Supplied material =>
↓↓↓
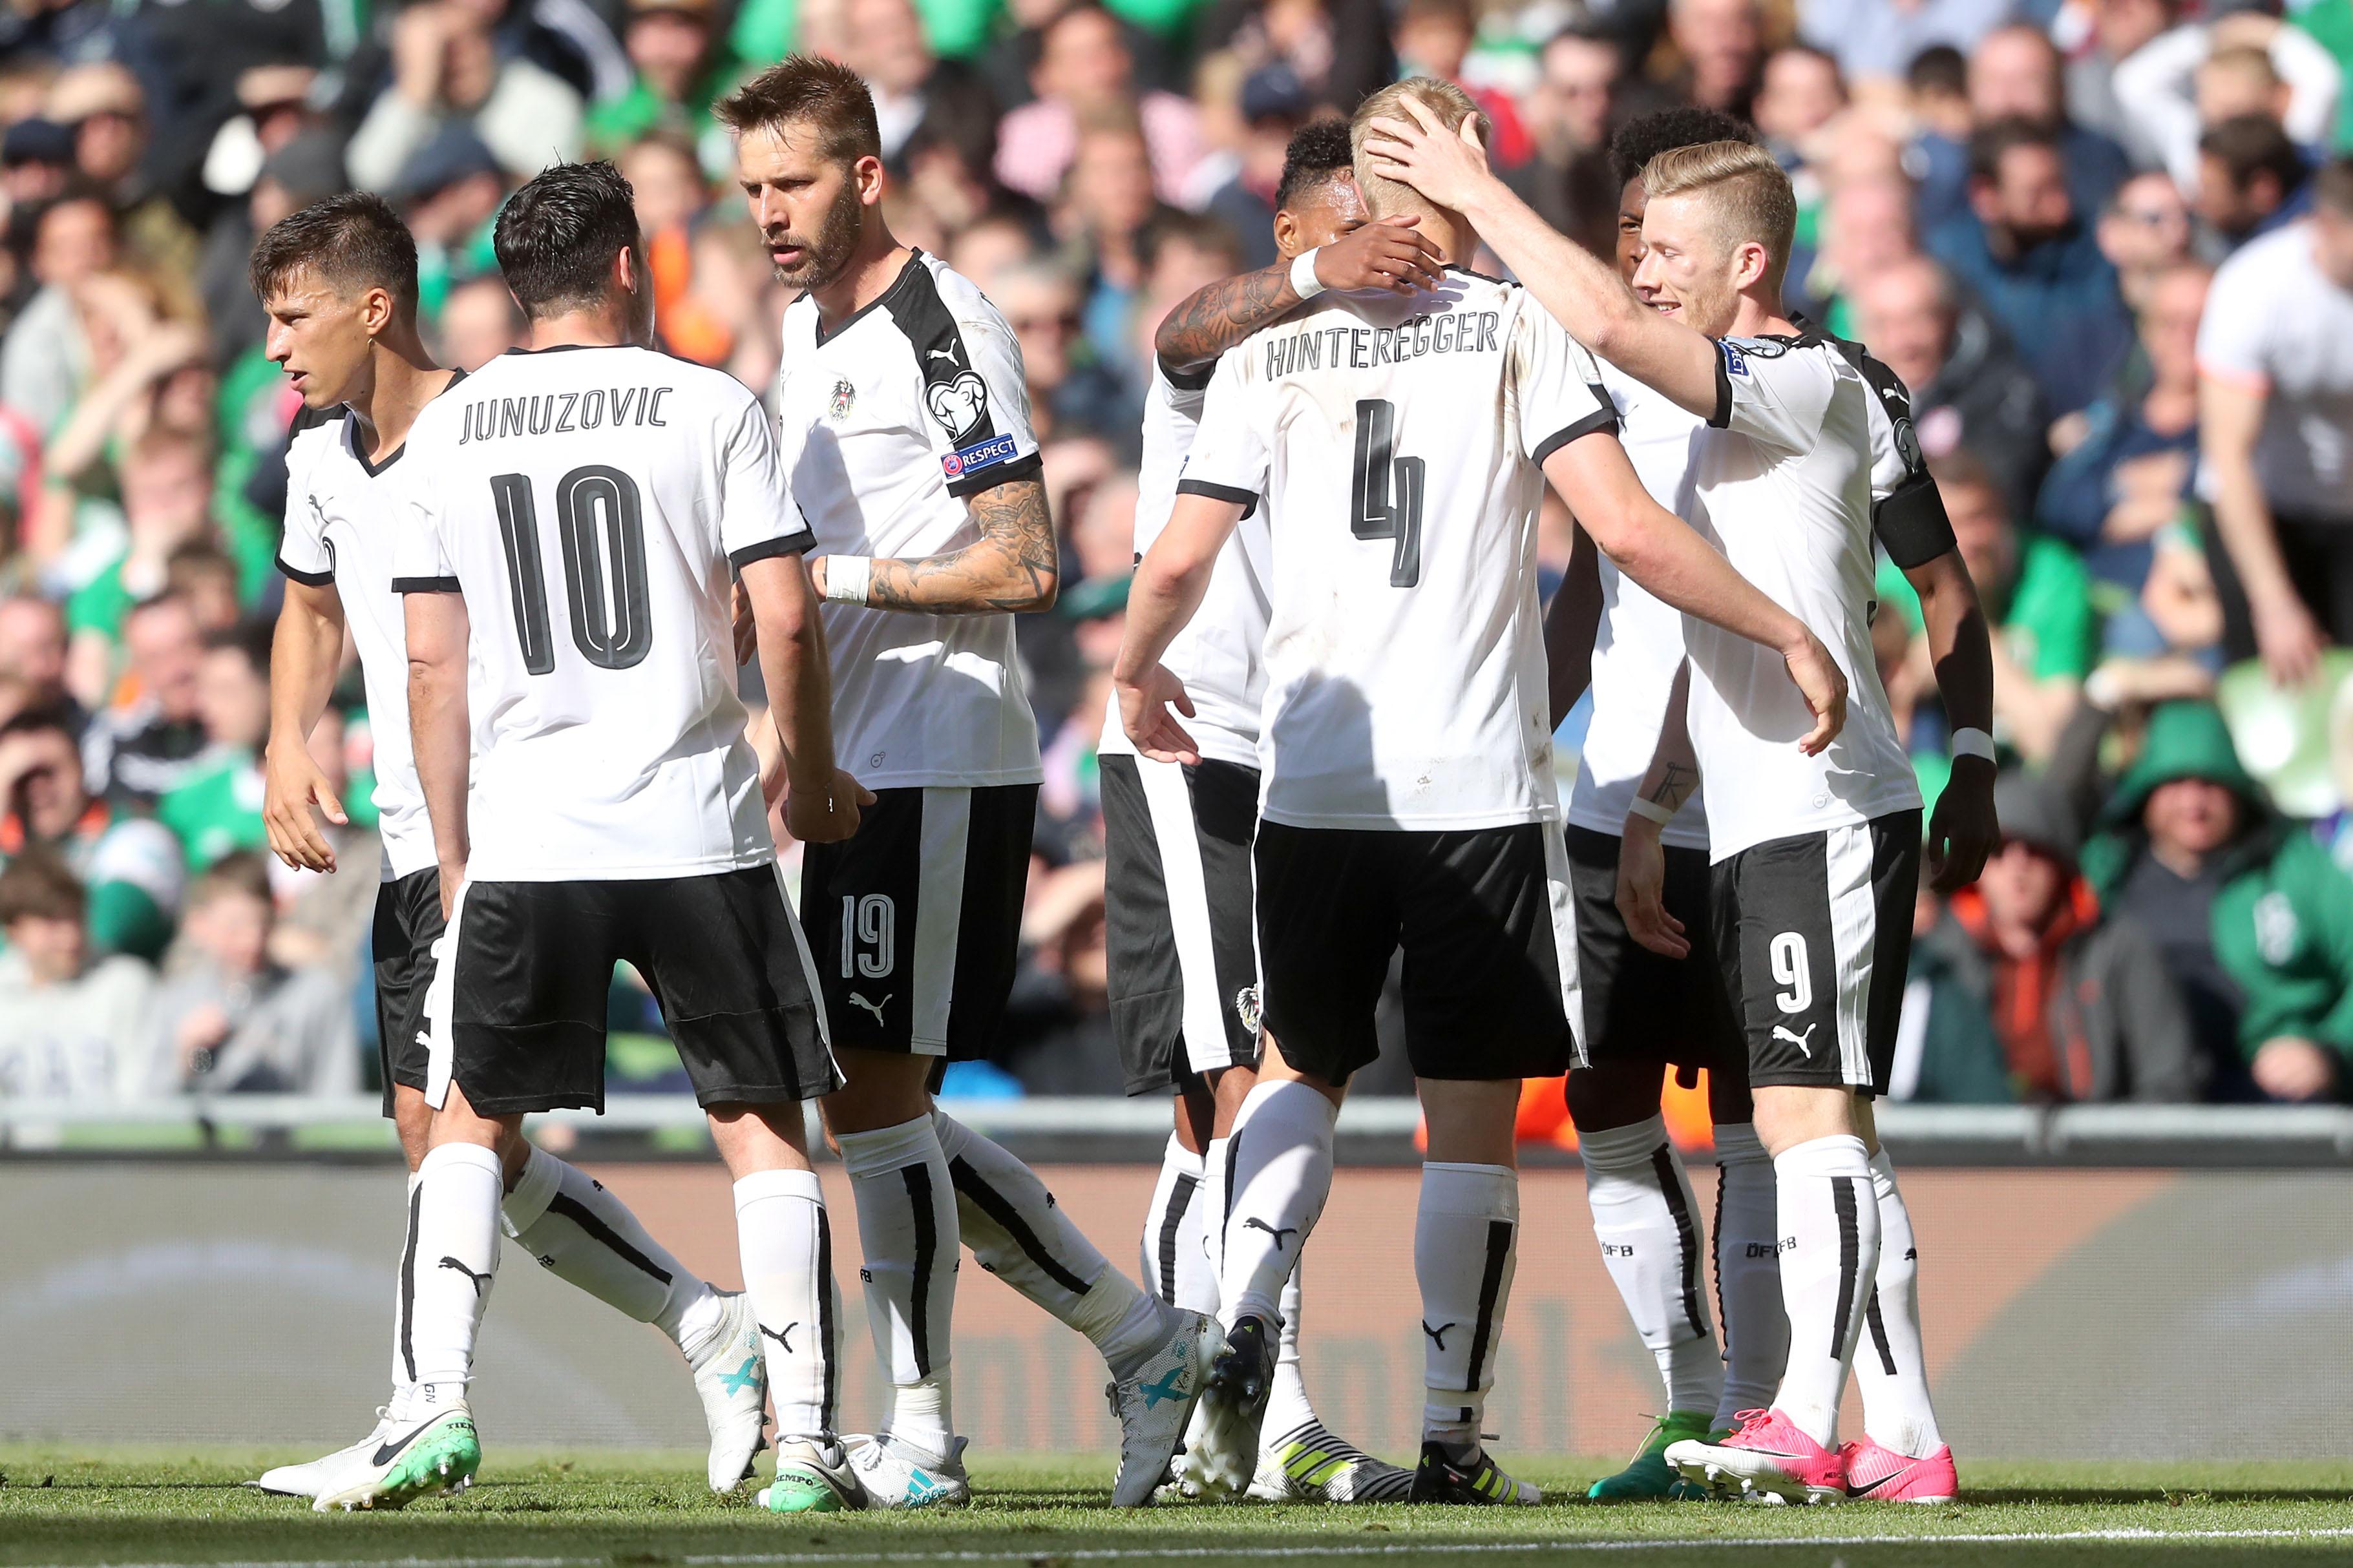 Republic Of Ireland V Austria 2018 Fifa World Cup Qualifying Group D Aviva Stadium
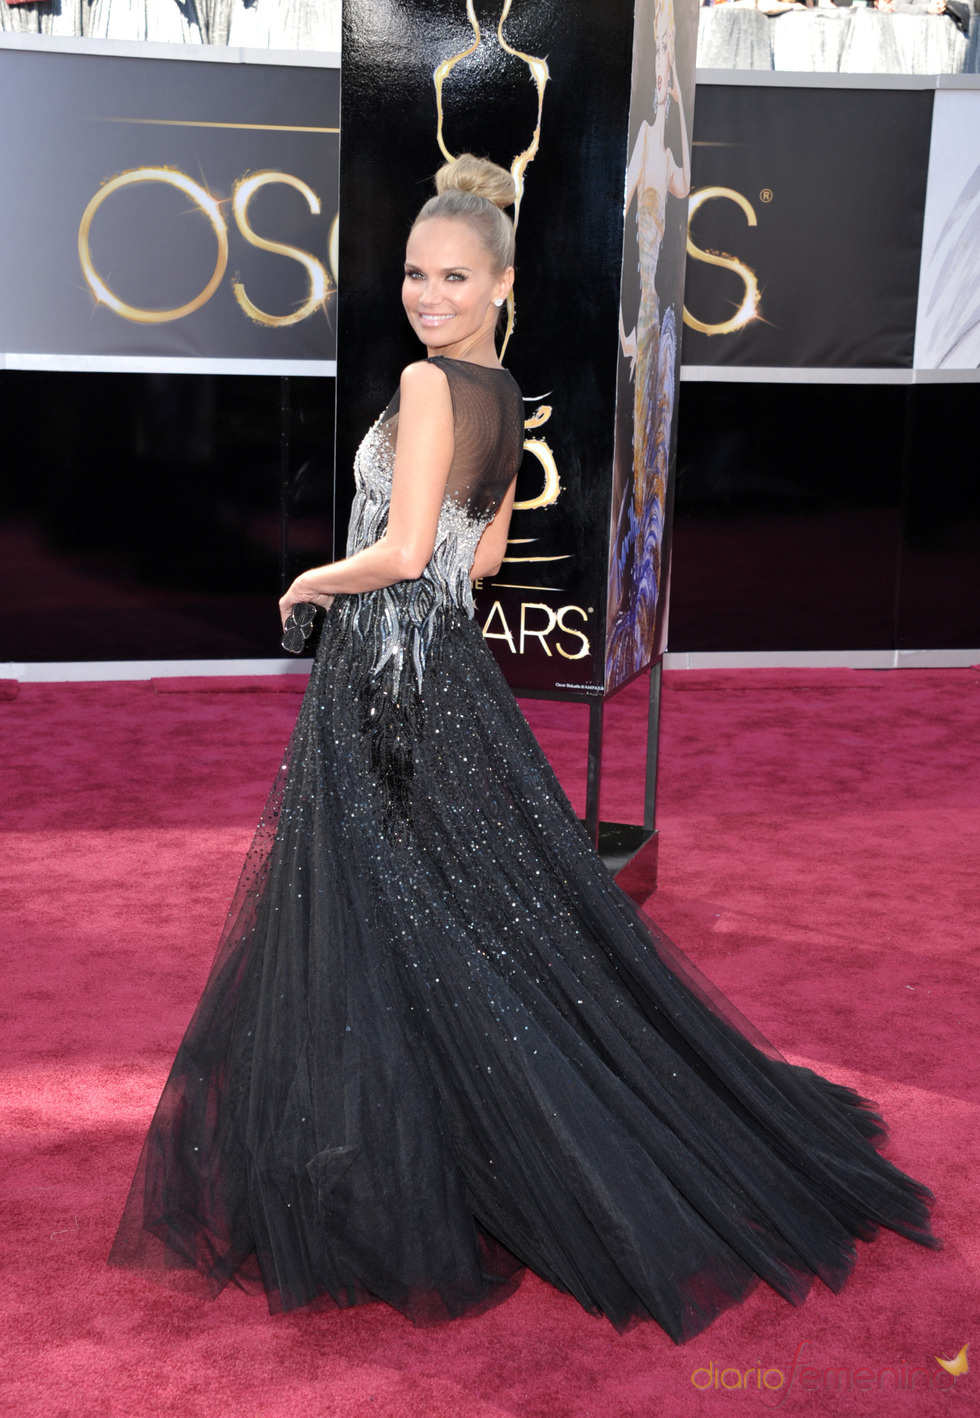 Kristin Chenoweth en la alfombra roja de los Oscars 2013
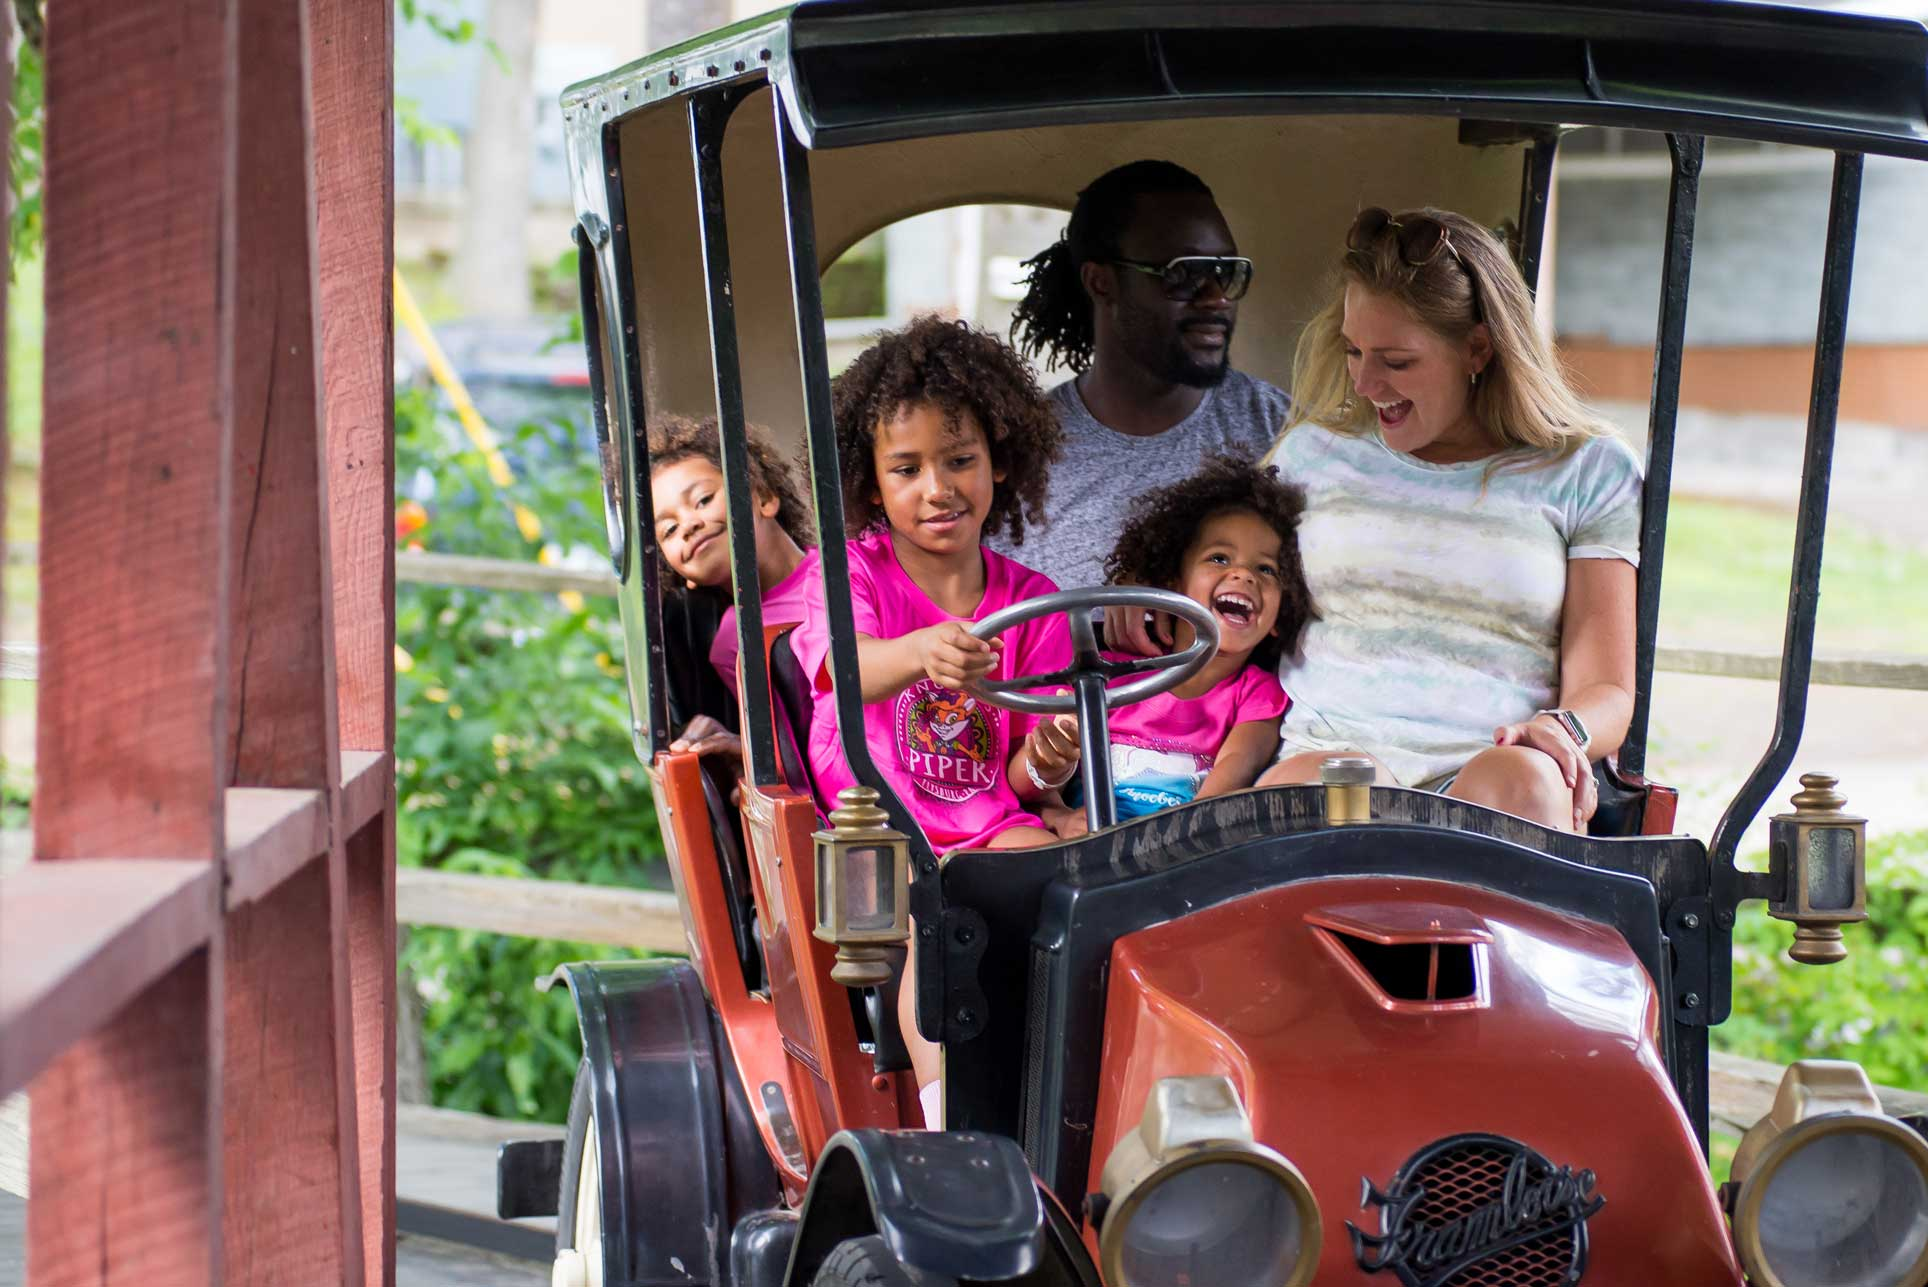 Knoebels family enjoying ride together
↑↑↑
Exclude all images and return the listing word for word.

Solution to the exercise =>
 Republic Of Ireland V Austria 2018 Fifa World Cup Qualifying Group D Aviva Stadium
 Kristin Chenoweth en la alfombra roja de los Oscars 2013
 Knoebels family enjoying ride together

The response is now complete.